What the task requires:
Lines with the word "Janeiro" in them must be copied from the records below.

Dataset content:

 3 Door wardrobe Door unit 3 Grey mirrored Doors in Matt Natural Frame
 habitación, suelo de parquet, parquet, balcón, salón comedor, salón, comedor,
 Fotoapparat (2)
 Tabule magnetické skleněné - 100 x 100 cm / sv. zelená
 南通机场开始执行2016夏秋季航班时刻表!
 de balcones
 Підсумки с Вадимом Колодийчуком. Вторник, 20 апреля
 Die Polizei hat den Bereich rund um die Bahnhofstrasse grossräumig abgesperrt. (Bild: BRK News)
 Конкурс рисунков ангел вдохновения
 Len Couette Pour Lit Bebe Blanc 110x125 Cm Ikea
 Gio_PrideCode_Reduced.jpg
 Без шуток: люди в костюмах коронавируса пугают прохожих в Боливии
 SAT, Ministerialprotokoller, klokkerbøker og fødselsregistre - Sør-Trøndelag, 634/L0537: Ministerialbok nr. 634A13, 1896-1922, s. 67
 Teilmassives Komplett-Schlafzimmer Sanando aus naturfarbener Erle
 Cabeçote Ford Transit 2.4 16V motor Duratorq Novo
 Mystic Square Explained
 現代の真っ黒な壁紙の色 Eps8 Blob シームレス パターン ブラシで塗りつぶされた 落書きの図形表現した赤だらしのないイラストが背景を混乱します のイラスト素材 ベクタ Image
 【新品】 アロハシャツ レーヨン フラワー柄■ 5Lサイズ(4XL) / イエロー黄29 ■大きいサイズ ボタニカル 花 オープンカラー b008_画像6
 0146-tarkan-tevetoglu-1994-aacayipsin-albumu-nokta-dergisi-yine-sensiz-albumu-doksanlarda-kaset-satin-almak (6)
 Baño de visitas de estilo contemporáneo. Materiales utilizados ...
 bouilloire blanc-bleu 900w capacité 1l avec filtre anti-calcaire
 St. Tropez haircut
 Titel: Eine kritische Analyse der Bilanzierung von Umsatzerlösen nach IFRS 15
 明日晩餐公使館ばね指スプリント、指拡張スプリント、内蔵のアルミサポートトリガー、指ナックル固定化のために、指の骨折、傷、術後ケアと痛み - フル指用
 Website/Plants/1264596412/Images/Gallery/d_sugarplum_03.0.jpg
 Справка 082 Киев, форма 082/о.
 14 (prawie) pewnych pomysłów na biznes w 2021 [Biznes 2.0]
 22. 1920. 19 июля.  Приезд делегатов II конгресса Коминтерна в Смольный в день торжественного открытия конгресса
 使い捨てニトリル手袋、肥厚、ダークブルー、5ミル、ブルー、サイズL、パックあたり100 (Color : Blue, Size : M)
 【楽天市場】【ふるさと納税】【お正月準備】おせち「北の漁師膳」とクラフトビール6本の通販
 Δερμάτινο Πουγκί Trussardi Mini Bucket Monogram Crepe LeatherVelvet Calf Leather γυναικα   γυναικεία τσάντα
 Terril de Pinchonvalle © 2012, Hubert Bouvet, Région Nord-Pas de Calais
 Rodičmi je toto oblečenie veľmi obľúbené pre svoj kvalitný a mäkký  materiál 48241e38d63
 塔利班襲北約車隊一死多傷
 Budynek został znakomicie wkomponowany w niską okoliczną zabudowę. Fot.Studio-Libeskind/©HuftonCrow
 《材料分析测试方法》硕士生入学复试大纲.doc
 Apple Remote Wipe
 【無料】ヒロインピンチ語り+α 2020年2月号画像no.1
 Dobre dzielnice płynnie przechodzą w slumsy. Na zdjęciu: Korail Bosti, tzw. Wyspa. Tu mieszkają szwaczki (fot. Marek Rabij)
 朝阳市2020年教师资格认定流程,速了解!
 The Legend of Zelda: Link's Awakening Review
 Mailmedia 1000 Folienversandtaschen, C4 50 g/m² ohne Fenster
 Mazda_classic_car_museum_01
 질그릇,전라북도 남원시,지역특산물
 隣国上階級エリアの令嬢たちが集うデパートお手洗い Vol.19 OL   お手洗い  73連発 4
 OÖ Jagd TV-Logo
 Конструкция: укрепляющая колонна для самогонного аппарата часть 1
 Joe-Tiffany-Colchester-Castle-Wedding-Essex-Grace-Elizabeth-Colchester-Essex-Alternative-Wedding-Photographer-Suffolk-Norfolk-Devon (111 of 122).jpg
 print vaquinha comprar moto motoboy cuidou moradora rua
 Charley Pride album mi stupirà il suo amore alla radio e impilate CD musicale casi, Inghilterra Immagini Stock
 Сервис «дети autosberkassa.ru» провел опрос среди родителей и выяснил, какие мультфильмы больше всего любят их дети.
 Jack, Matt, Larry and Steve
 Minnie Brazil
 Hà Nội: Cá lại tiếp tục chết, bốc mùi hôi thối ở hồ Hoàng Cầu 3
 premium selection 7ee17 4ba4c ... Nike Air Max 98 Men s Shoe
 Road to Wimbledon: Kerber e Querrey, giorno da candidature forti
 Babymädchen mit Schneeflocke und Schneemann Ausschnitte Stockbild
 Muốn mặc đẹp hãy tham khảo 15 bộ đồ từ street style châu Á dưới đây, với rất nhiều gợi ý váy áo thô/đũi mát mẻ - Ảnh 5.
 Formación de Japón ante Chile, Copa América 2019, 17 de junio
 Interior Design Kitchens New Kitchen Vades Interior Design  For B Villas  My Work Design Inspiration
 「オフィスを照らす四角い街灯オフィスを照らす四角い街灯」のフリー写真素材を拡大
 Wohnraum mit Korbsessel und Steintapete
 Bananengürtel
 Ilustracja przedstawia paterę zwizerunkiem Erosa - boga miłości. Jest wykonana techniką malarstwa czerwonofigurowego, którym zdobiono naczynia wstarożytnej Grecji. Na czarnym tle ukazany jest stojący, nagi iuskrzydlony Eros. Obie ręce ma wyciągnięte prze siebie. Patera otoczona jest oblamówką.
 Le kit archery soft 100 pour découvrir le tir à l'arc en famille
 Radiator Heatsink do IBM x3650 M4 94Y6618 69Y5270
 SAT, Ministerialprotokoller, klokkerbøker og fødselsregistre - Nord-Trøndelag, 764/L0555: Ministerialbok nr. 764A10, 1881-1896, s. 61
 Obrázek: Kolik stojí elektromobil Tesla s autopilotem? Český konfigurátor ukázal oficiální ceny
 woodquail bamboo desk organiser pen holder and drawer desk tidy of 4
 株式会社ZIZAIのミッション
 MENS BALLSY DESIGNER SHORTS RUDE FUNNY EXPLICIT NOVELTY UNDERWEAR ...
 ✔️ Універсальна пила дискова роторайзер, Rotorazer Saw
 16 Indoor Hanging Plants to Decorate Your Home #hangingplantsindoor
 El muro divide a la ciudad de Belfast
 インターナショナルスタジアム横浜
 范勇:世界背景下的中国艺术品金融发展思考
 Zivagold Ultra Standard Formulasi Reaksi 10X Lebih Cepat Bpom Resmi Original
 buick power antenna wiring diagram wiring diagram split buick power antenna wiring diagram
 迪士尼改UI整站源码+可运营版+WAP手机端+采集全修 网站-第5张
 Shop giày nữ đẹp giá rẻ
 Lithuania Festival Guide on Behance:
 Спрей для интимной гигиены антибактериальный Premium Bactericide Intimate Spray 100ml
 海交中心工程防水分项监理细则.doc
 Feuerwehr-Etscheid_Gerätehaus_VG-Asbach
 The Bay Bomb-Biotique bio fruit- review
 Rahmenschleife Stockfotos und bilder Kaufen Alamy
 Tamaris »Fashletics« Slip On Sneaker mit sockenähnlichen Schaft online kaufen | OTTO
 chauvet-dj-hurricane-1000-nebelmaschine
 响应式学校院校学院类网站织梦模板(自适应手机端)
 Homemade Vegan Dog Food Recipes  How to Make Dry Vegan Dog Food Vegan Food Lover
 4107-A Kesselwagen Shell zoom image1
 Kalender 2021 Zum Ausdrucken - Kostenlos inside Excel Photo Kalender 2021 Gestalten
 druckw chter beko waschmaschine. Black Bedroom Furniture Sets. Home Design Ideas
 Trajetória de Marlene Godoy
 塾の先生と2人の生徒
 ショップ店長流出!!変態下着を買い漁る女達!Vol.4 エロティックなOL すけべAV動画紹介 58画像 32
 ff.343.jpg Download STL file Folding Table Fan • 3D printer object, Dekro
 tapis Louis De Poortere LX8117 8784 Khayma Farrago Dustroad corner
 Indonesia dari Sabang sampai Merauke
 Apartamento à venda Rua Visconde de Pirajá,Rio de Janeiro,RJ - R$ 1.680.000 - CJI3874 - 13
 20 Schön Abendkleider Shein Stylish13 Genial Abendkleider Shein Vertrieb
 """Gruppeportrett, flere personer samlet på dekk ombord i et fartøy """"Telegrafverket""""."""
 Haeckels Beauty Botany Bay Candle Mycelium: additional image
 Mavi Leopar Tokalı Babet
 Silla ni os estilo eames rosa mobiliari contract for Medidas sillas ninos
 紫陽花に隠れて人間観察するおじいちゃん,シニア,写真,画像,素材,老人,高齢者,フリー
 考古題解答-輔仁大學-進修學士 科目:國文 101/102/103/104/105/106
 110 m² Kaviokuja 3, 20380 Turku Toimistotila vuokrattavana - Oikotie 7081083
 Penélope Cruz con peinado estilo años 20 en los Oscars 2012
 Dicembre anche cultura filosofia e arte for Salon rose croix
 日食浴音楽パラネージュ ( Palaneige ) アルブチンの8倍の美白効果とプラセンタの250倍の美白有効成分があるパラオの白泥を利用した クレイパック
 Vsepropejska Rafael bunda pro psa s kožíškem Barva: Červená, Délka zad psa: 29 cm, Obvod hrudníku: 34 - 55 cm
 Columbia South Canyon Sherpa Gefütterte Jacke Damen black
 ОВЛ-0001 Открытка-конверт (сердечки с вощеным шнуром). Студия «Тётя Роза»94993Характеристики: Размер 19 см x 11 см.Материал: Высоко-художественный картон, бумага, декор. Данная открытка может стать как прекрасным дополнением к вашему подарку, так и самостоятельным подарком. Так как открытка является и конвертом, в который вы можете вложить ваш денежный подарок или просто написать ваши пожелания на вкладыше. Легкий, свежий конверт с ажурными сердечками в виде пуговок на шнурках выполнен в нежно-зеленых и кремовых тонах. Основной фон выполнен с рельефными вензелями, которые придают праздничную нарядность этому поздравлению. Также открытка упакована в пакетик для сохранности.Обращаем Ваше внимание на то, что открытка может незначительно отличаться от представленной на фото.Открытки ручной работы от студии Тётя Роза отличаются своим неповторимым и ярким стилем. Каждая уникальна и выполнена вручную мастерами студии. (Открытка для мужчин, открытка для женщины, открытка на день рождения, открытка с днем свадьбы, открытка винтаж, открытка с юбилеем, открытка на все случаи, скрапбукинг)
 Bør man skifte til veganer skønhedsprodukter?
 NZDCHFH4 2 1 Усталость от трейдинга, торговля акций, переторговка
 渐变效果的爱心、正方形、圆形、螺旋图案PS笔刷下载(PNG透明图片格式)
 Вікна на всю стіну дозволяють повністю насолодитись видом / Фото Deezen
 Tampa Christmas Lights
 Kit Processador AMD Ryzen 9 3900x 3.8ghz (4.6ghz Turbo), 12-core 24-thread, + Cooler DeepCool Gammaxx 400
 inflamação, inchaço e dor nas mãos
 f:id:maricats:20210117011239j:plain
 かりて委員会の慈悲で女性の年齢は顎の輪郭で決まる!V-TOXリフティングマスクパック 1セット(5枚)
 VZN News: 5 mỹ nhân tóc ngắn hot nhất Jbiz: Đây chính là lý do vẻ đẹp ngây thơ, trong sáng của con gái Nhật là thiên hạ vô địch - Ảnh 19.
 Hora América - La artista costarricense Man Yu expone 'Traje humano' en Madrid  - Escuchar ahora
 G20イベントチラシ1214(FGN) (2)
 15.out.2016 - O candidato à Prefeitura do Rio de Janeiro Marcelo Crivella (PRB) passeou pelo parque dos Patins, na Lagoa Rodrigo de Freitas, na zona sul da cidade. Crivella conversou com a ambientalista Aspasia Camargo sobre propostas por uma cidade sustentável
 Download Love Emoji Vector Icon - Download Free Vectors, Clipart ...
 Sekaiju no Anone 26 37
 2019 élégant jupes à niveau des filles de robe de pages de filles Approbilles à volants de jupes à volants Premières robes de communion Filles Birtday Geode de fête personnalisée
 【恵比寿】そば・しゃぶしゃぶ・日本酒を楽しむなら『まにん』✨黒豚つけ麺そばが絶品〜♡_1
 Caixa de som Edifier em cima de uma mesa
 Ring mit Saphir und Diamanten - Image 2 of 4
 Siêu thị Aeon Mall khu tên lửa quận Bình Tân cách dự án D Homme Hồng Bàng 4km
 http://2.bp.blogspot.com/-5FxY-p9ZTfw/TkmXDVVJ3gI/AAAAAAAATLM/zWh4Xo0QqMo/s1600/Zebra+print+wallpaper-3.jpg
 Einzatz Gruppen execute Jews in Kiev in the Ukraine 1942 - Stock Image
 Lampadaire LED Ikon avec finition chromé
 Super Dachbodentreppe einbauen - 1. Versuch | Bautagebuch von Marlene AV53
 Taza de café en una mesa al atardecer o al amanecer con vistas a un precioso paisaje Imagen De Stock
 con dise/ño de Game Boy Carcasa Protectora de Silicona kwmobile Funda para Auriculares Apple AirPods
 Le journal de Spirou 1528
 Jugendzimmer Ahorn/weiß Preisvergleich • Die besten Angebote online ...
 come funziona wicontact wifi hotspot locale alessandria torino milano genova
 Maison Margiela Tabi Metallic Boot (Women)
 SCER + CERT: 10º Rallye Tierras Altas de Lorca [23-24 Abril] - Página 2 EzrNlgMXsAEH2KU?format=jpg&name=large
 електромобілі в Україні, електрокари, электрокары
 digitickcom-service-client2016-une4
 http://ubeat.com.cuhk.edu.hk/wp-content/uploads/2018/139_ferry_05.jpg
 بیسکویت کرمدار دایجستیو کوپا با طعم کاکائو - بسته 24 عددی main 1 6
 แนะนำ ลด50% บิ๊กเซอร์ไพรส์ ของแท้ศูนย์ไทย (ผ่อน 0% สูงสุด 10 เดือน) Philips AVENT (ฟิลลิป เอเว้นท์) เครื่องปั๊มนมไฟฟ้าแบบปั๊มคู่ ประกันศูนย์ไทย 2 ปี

Answer to this task:
 Apartamento à venda Rua Visconde de Pirajá,Rio de Janeiro,RJ - R$ 1.680.000 - CJI3874 - 13
 15.out.2016 - O candidato à Prefeitura do Rio de Janeiro Marcelo Crivella (PRB) passeou pelo parque dos Patins, na Lagoa Rodrigo de Freitas, na zona sul da cidade. Crivella conversou com a ambientalista Aspasia Camargo sobre propostas por uma cidade sustentável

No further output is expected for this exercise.